A mixed finite-element formulation for geometrically exact beams treats moments as independent variables to allow discontinuous rotations per element.

A machine-rendered reading of the paper's core claim, the machinery that carries it, and where it could break.

The paper develops a mixed finite element method for Simo-Reissner beams that introduces the moment vector as an additional independent field. This choice permits rotations to be approximated discontinuously inside each element, which simplifies the overall discretization. The concept of discrete curvature ensures mathematical consistency when rotations are allowed to jump at element interfaces. For linear constitutive laws the formulation is obtained via a Legendre transform of the curvature energy, and the total Lagrangian setting with multiplicative relative-rotation interpolation preserves objectivity and path independence. Numerical benchmarks confirm optimal convergence rates that hold irrespective of beam slenderness or polynomial degree, including the special case of element-wise constant rotations.

Core claim

The central claim is that a mixed variational formulation for geometrically exact beams, obtained by introducing the moment vector as an independent field, enables an element-local discontinuous approximation of rotations while remaining consistent through the notion of discrete curvature.
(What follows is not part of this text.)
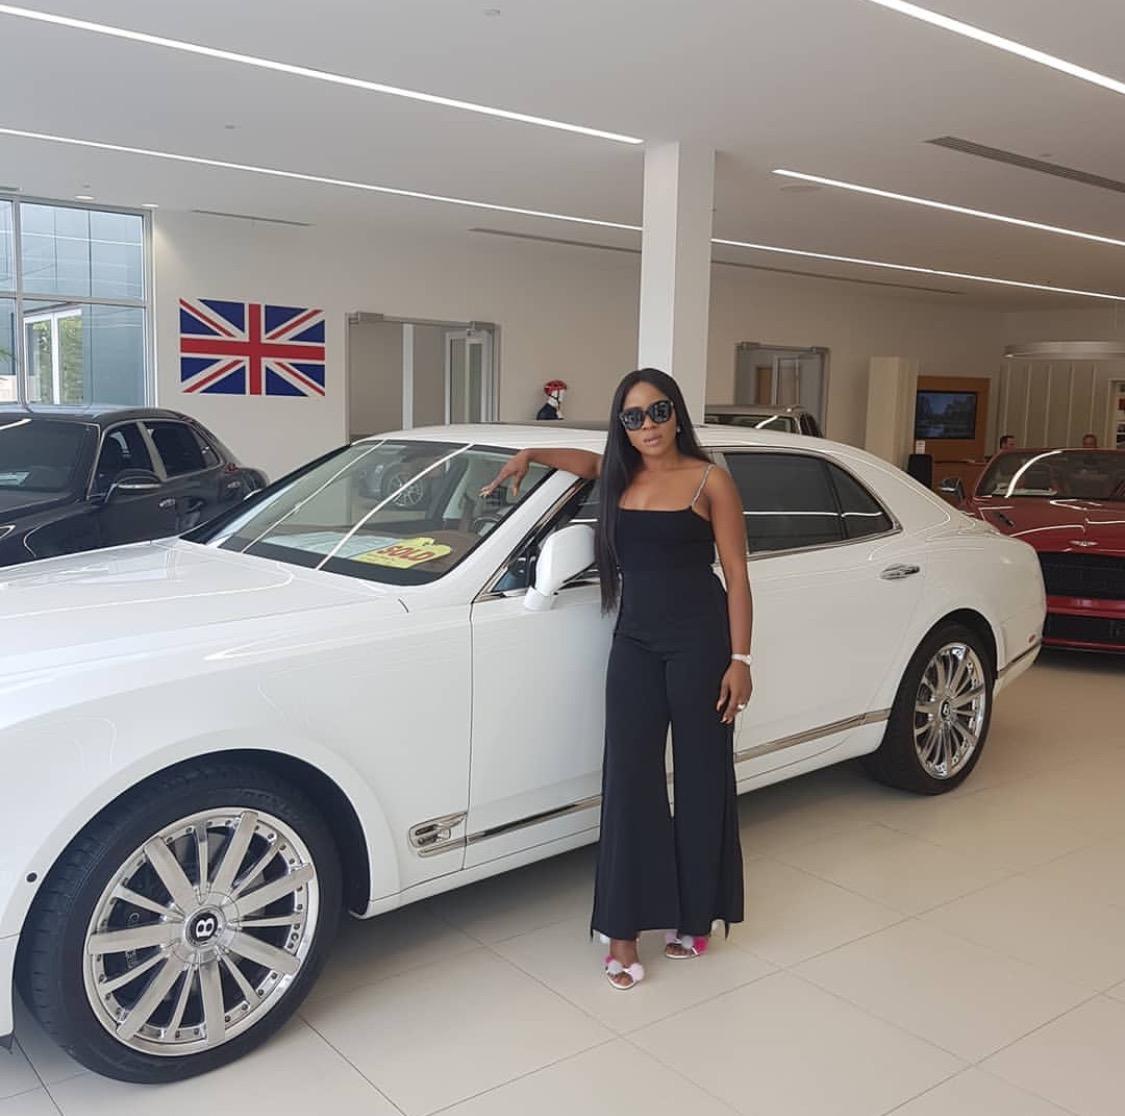 Linda Ikeji Media entrepreneur buys Bentley Mulsanne worth $305,000 for son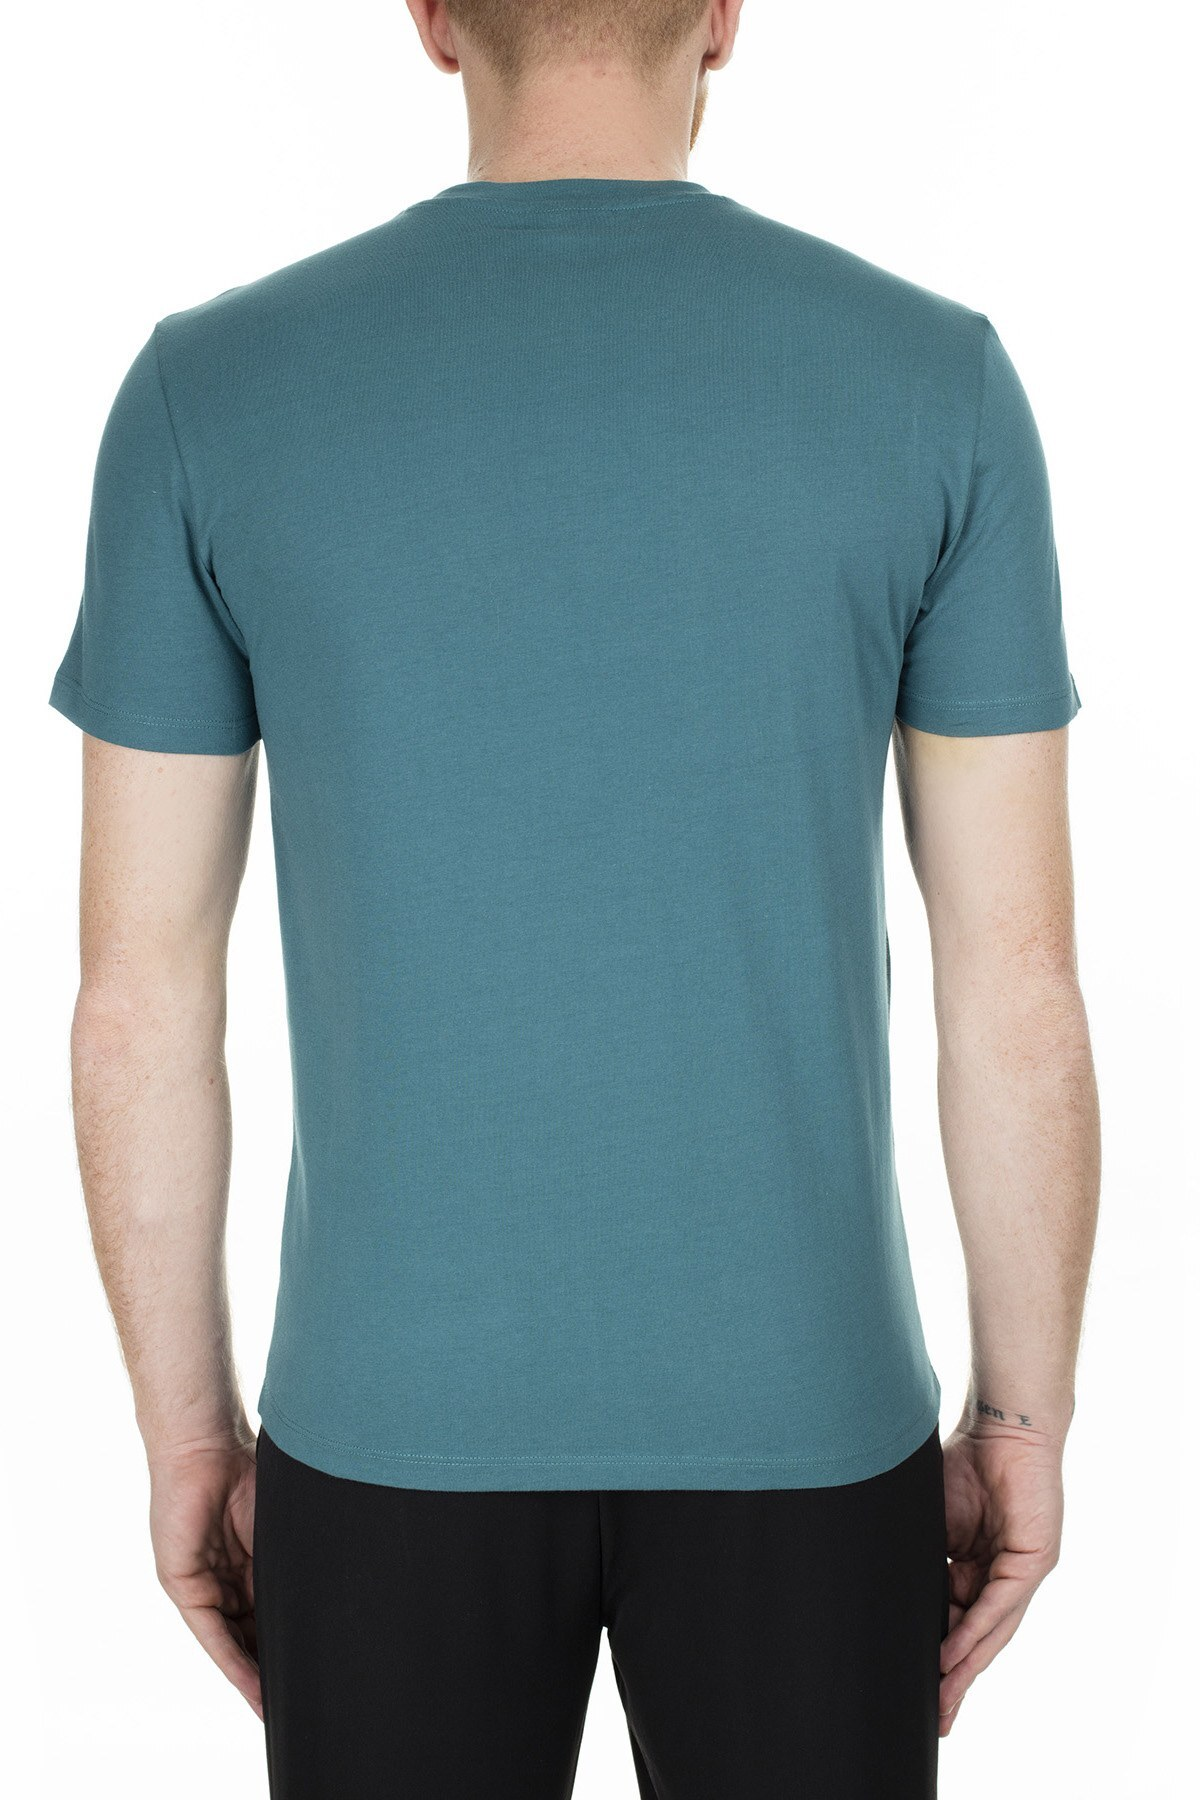 Emporio Armani Erkek T Shirt 6G1TC4 1J00Z 0956 PETROL

Objectivity is retained by interpolating relative rotations via a multiplicative split, and path independence follows directly from the total Lagrangian description.

What carries the argument

mixed variational principle with moment vector as independent field and discrete curvature to accommodate discontinuous rotations

Load-bearing premise

The Legendre transform of the curvature strain energy produces a stable and consistent discrete system for every slenderness ratio and every element order.

What would settle it

A benchmark computation on a highly slender beam with the lowest-order element that exhibits locking or suboptimal convergence rates would falsify the claims.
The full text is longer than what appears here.